3. Rippling, Best for scaling companies that want HR, payroll, and IT in one platform. More expensive and complex to set up, but the automation pays off at 30+ employees.
4. OnPay, Best for restaurants, nonprofits, and agricultural employers. Flat $40/month + $6/employee with no add-on fees for multi-state, tips, or garnishments.
5. Deel, Best for contractor-heavy teams and international payroll. $49/contractor/month covers global payments, compliance, and 1099 filing.
6. ADP Run, Best for businesses that need enterprise compliance depth in an SMB package. Pricing not published, but widely used for regulated industries.
Gusto: best all-around payroll for most small teams
Gusto is the default recommendation for businesses that want full-service payroll without a steep learning curve. The Simple plan starts at $40/month base plus $6/employee/month, and it covers unlimited payroll runs, automatic federal, state, and local tax filing, and W-2 and 1099 handling in one workflow. That last point matters if you run a mixed team: Gusto files both employee W-2s and contractor 1099s without forcing you into a separate add-on.

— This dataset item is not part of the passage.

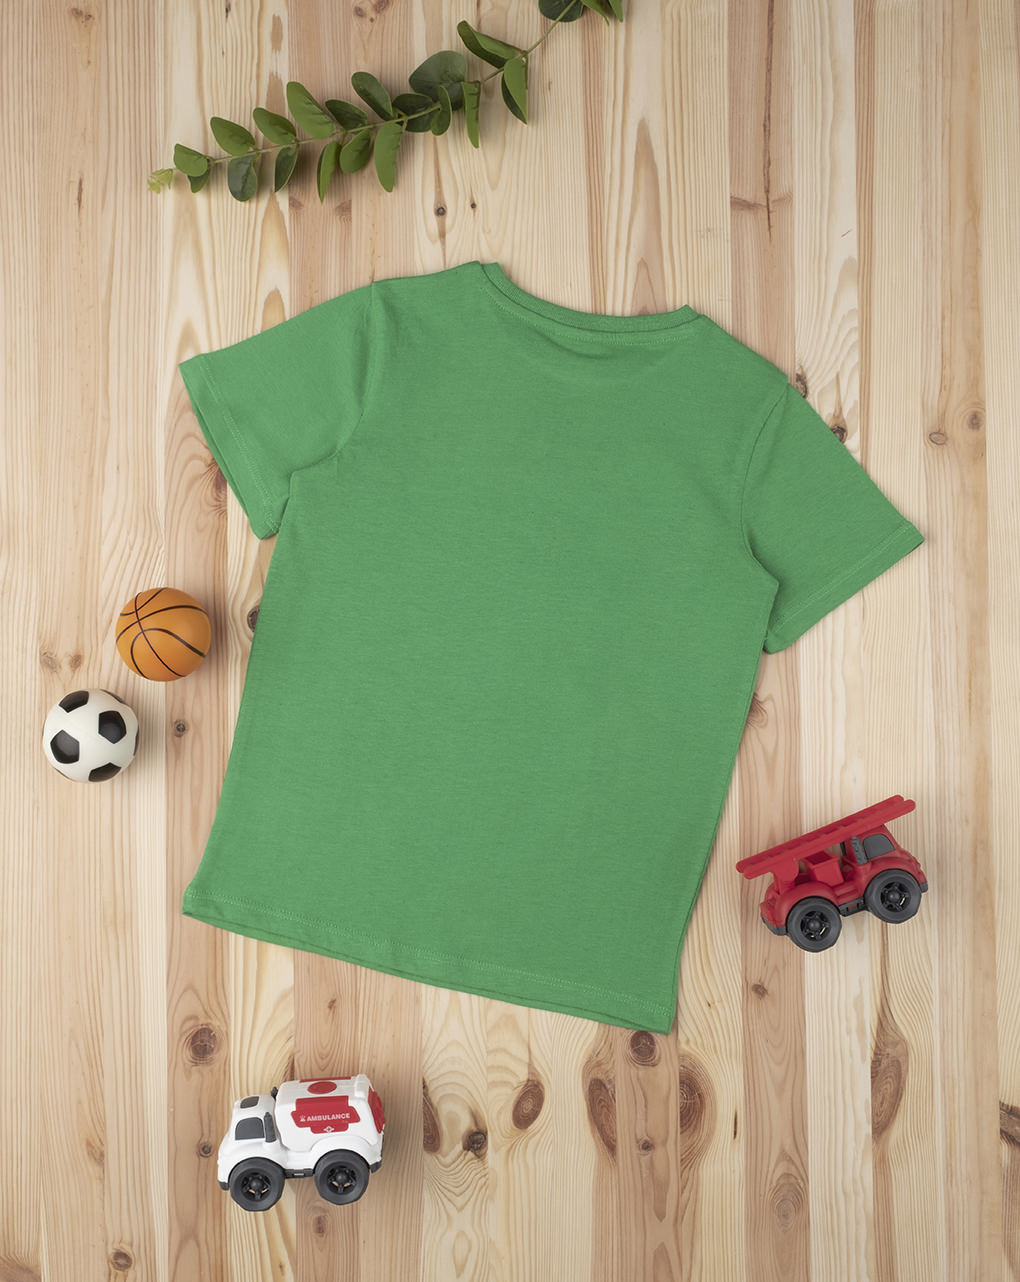 T-shirt boy "street sport" green - Prénatal

The Plus plan runs $80/month base plus $12/employee and unlocks multi-state payroll, next-day direct deposit, and time tracking. Multi-state support is the dividing line for a lot of growing companies. If you hire a remote employee in a second state, Gusto registers and files in that state's system, which spares you from manually tracking nexus and withholding rules across jurisdictions.
On G2, Gusto holds roughly 4.5 out of 5 across 4,000-plus reviews, with reviewers consistently praising the onboarding flow and self-service employee portal. The common complaint is support response time during peak filing periods like late January.

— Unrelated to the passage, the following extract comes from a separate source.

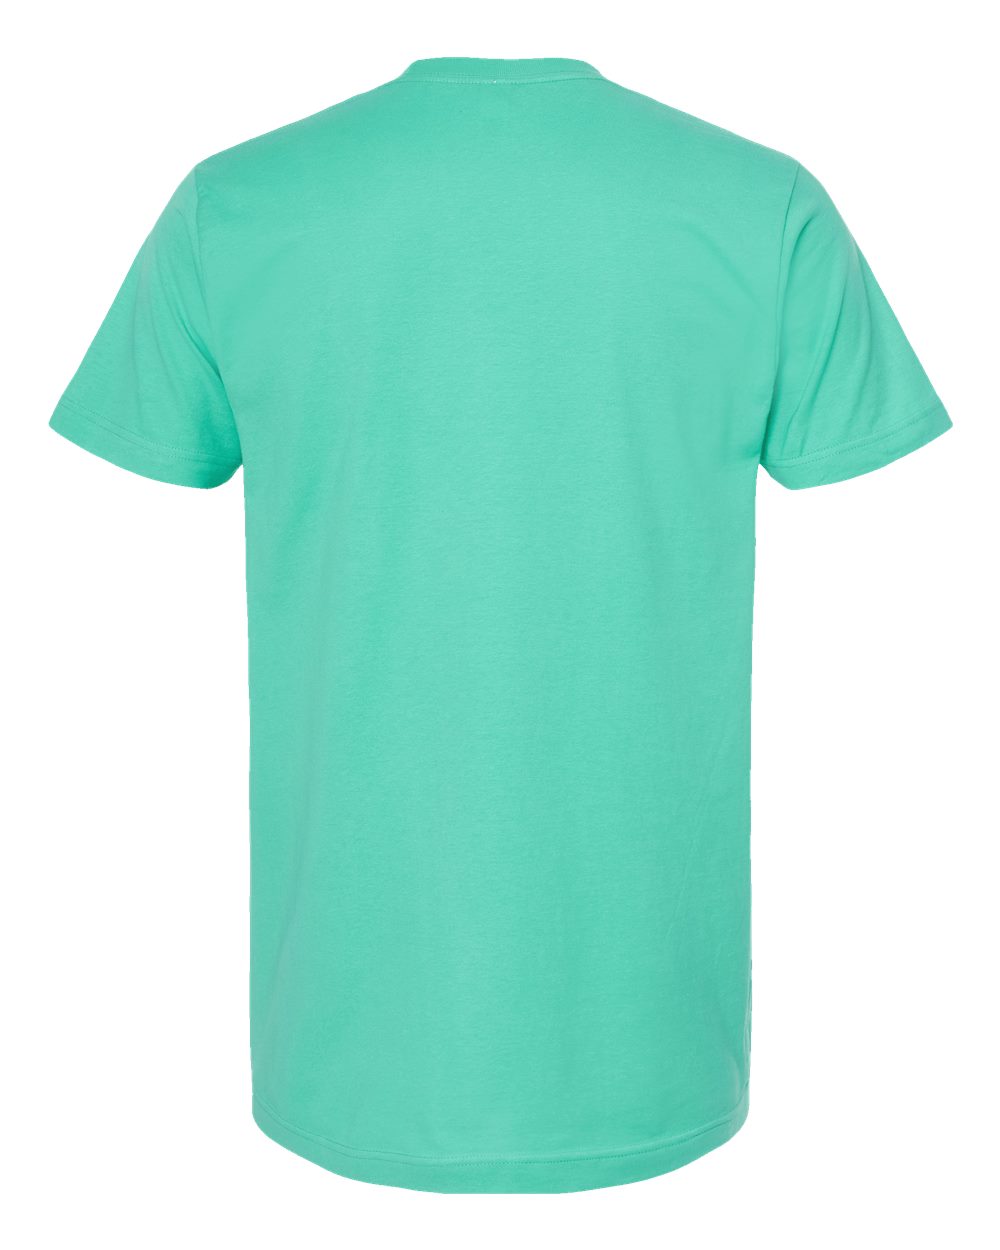 Tultex - Fine Jersey Mint Hawk Tauh T-Shirt - 202  SKU#TUL20210259S129

Where Gusto fits: a 5-to-50 person company that values a clean interface and wants benefits, payroll, and basic HR in one tool. Where it strains: very high-volume hourly workforces or businesses needing deep custom reporting, where the per-employee fee adds up faster than a flat-rate competitor. For a 15-person team on Simple, you're looking at roughly $130/month all-in, which is competitive for the feature set.

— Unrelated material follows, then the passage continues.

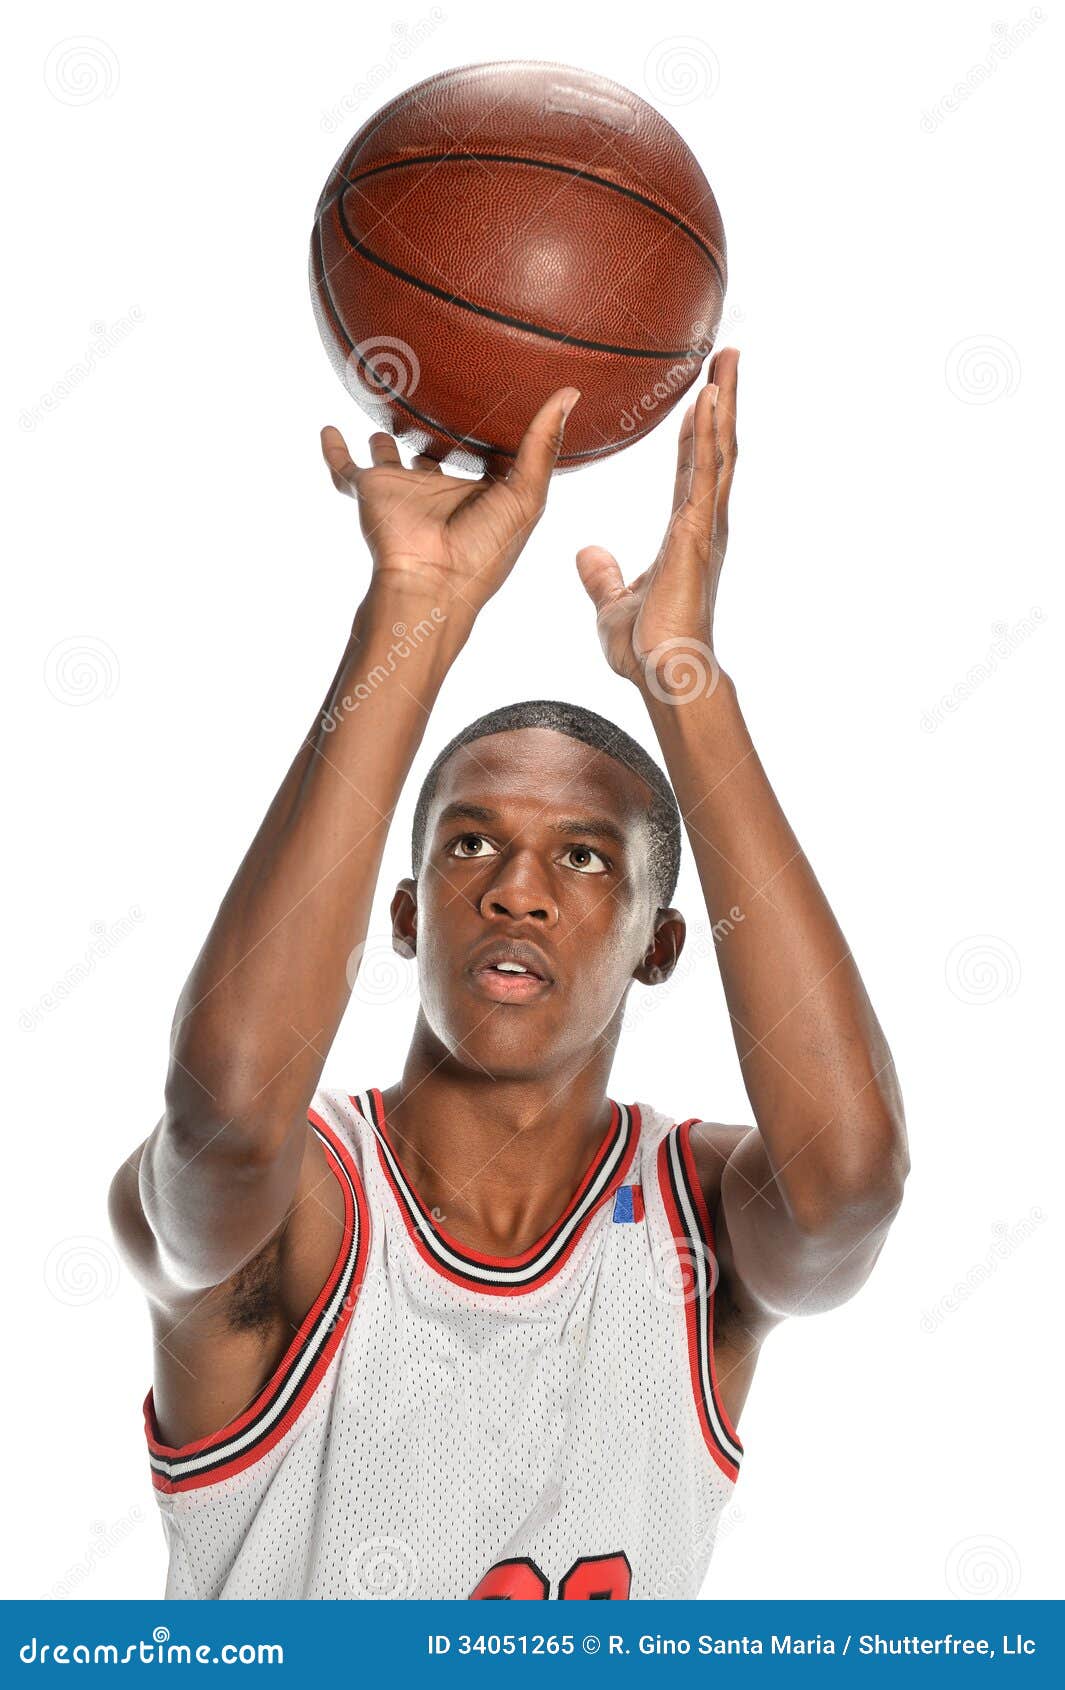 American basketball players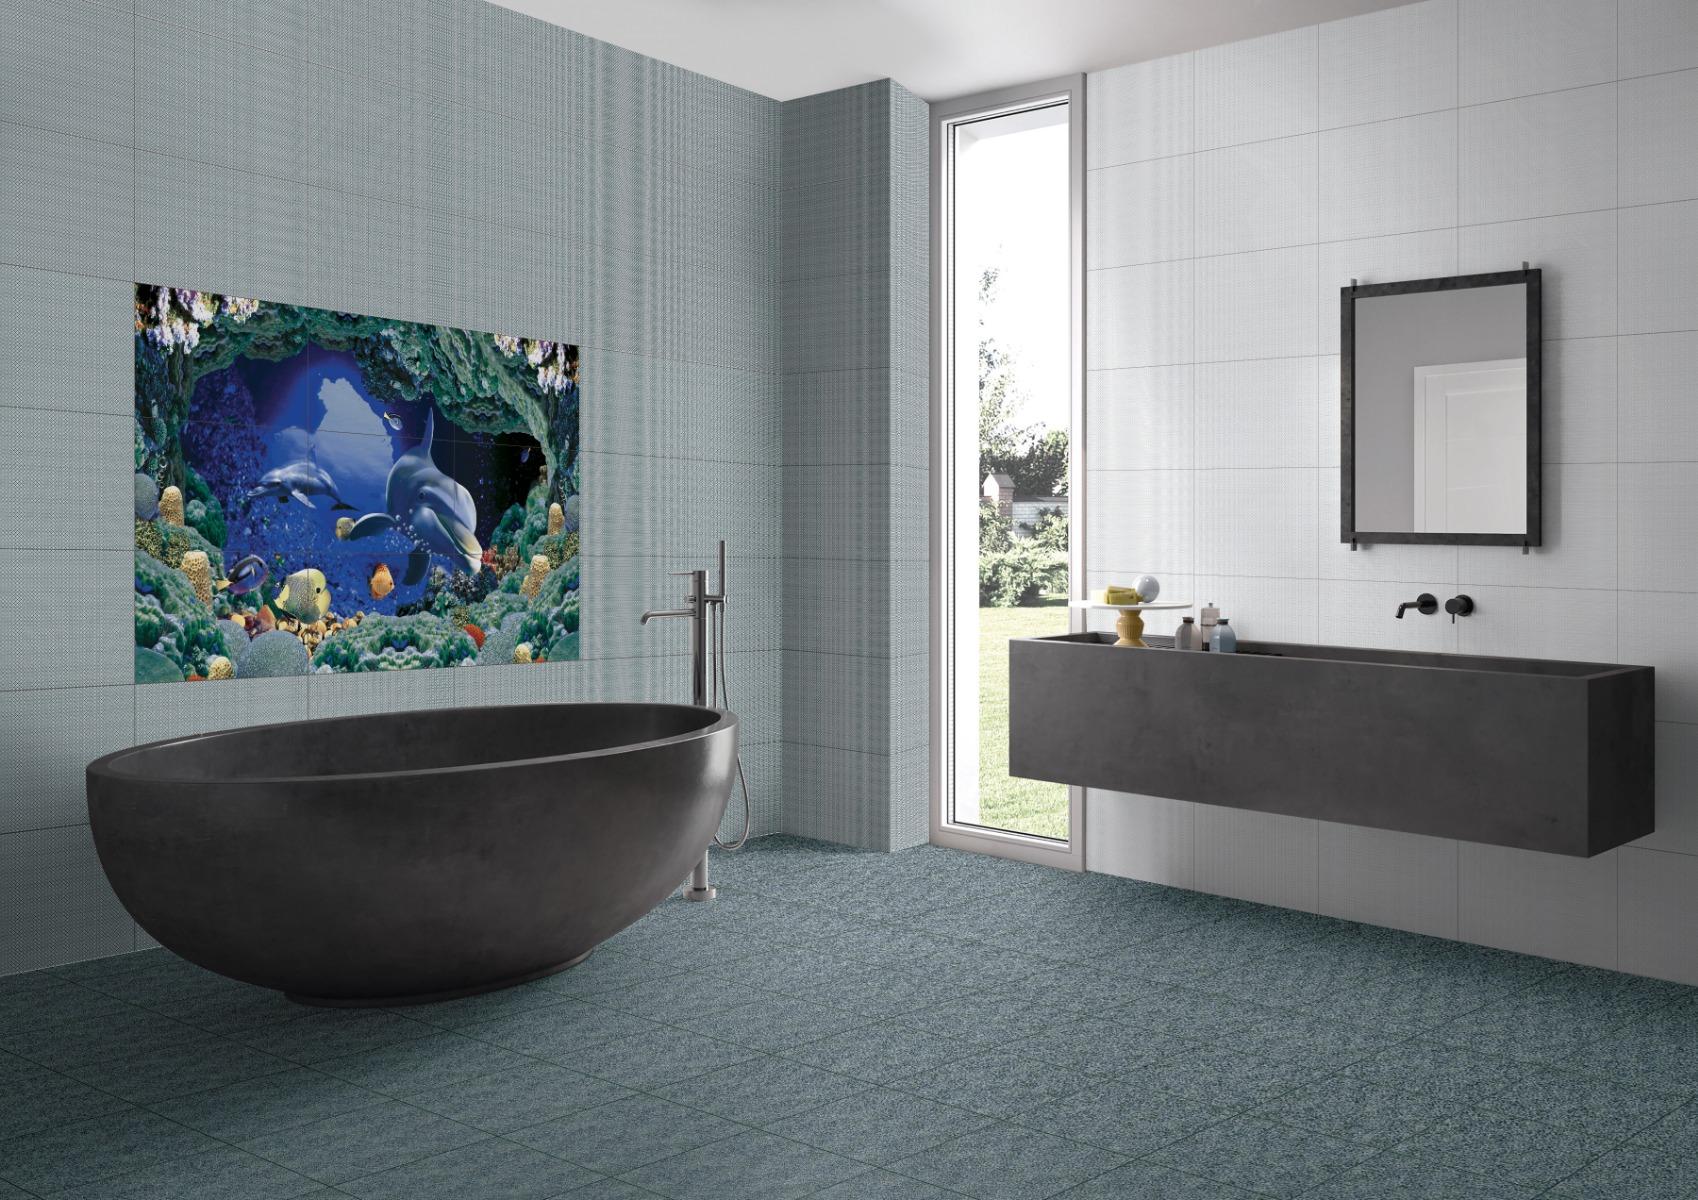 Estilo2.0 for Bathroom Tiles

OnPay: flat-rate pricing that stays predictable
OnPay is built around one idea: a single, transparent price with no tiered upsells. It charges $40/month base plus $6/employee/month, and that rate includes every feature - multi-state payroll, tax filing, W-2 and 1099 processing, and integrations with QuickBooks and Xero. There is no 'upgrade to unlock multi-state' gate, which makes OnPay easy to budget against as you scale headcount.
The product handles specialized payroll scenarios that trip up cheaper tools. It supports payroll for agricultural businesses (Form 943), restaurants with tip handling, and nonprofits, and it processes garnishments and multiple pay schedules without extra charges. For a business with both salaried staff and 1099 contractors, OnPay runs them in the same cycle and files the year-end forms automatically.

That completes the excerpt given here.